A game involves a character that begins at a starting position, and wants to reach an end goal $x$ steps away. It takes the character 1 minute to move 1 step towards the goal. If the character is at the starting point, the character will always go 1 step (and take 1 minute). However, at any point beyond that first step, there is a 50% chance that he will take another step (a success, taking 1 more minute) and a 50% chance that he will warp back (a failure) to the starting point (taking no time at all). What is the person's expected time to reach the end point?
Now, I know the answer is $2^x - 1$ minutes. That is, if the character begins 1 step away from the finish, he will always take just 1 minute, if the character begins 2 steps away, the expected time is 3 minutes, and so on.
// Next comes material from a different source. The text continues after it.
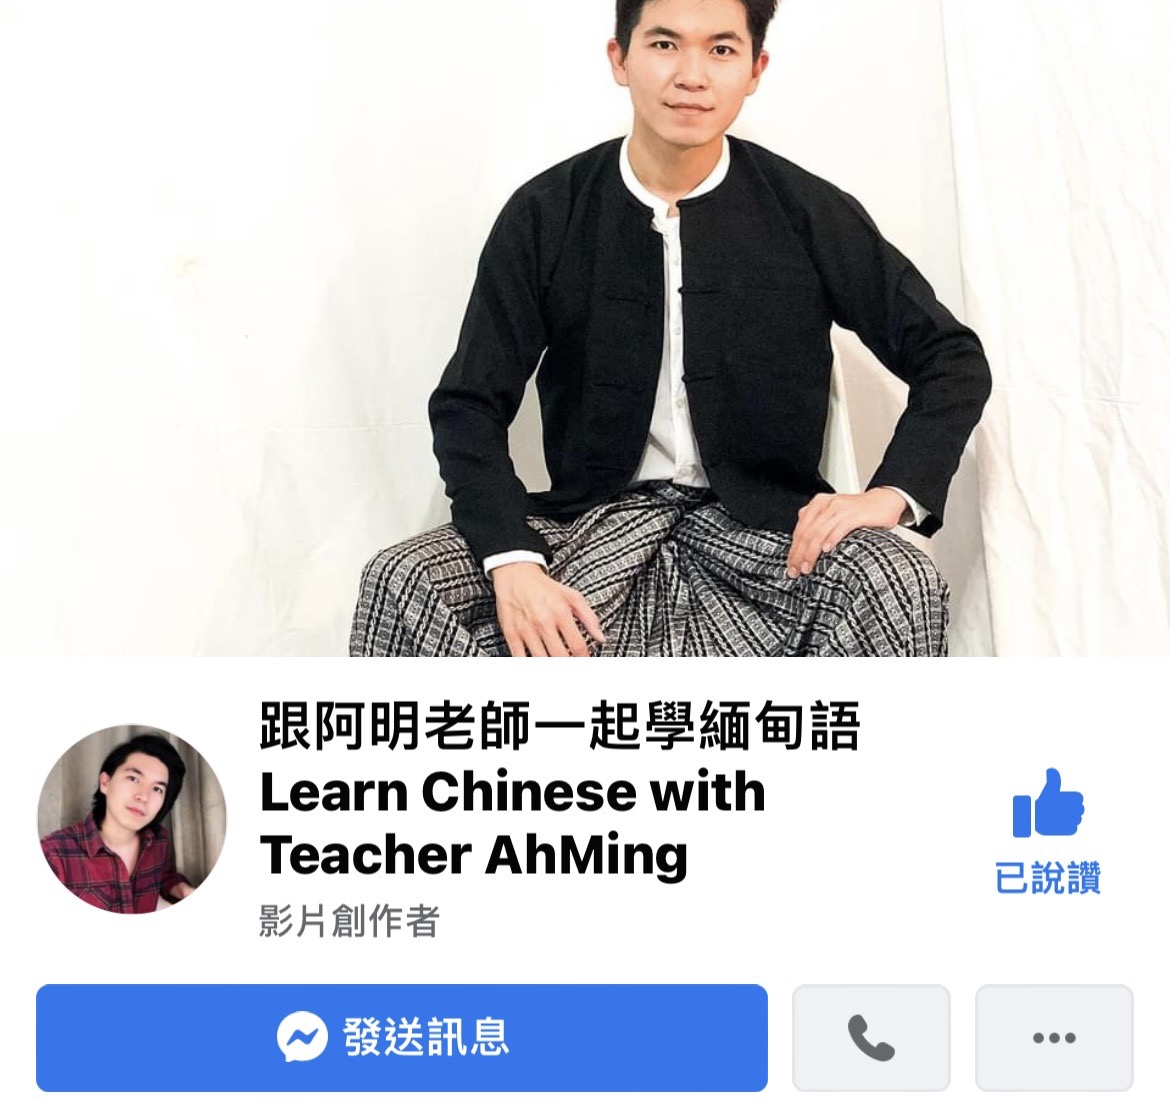 Semua orang dipersilakan untuk belajar bahasa Burma bersama Chen Qiming. Gambar: Diambil dari Facebook

I am interested in its derivation. The idea is that you have an infinite series, with each individual entry containing the probability of having exactly $1, 2, 3, 4, \dotsc$ failures so on. For instance lets say that $x = 3$ steps away. The probability of 0 warps (failures) is $0.5^2$, and the probability of 1 failure is $.5^3$ (as the first step at the beginning is always successful).
The generalized expected value looks like this infinite series $$x(1/2)^{x - 1} + (x+1)\binom{n}{r}(1/2)^x + (x+2)*\binom{p}{q}(1/2)^{x+1} + \dotsb$$ where $x$ is the number of minutes it takes to reach the end point, and it is multiplied by the probability of taking that many minutes. (I don't know what $n, r, p, q$ are, though they are related to $x$.)
That series supposedly sums to $(^x-1$, but how do you get there? How do you demonstrate that $x(1/2)^{x - 1} + (x+1)\binom{n}{r}(1/2)^x + (x+2)*\binom{p}{q}(1/2)^{x+1} + \dotsb = 2^x - 1$?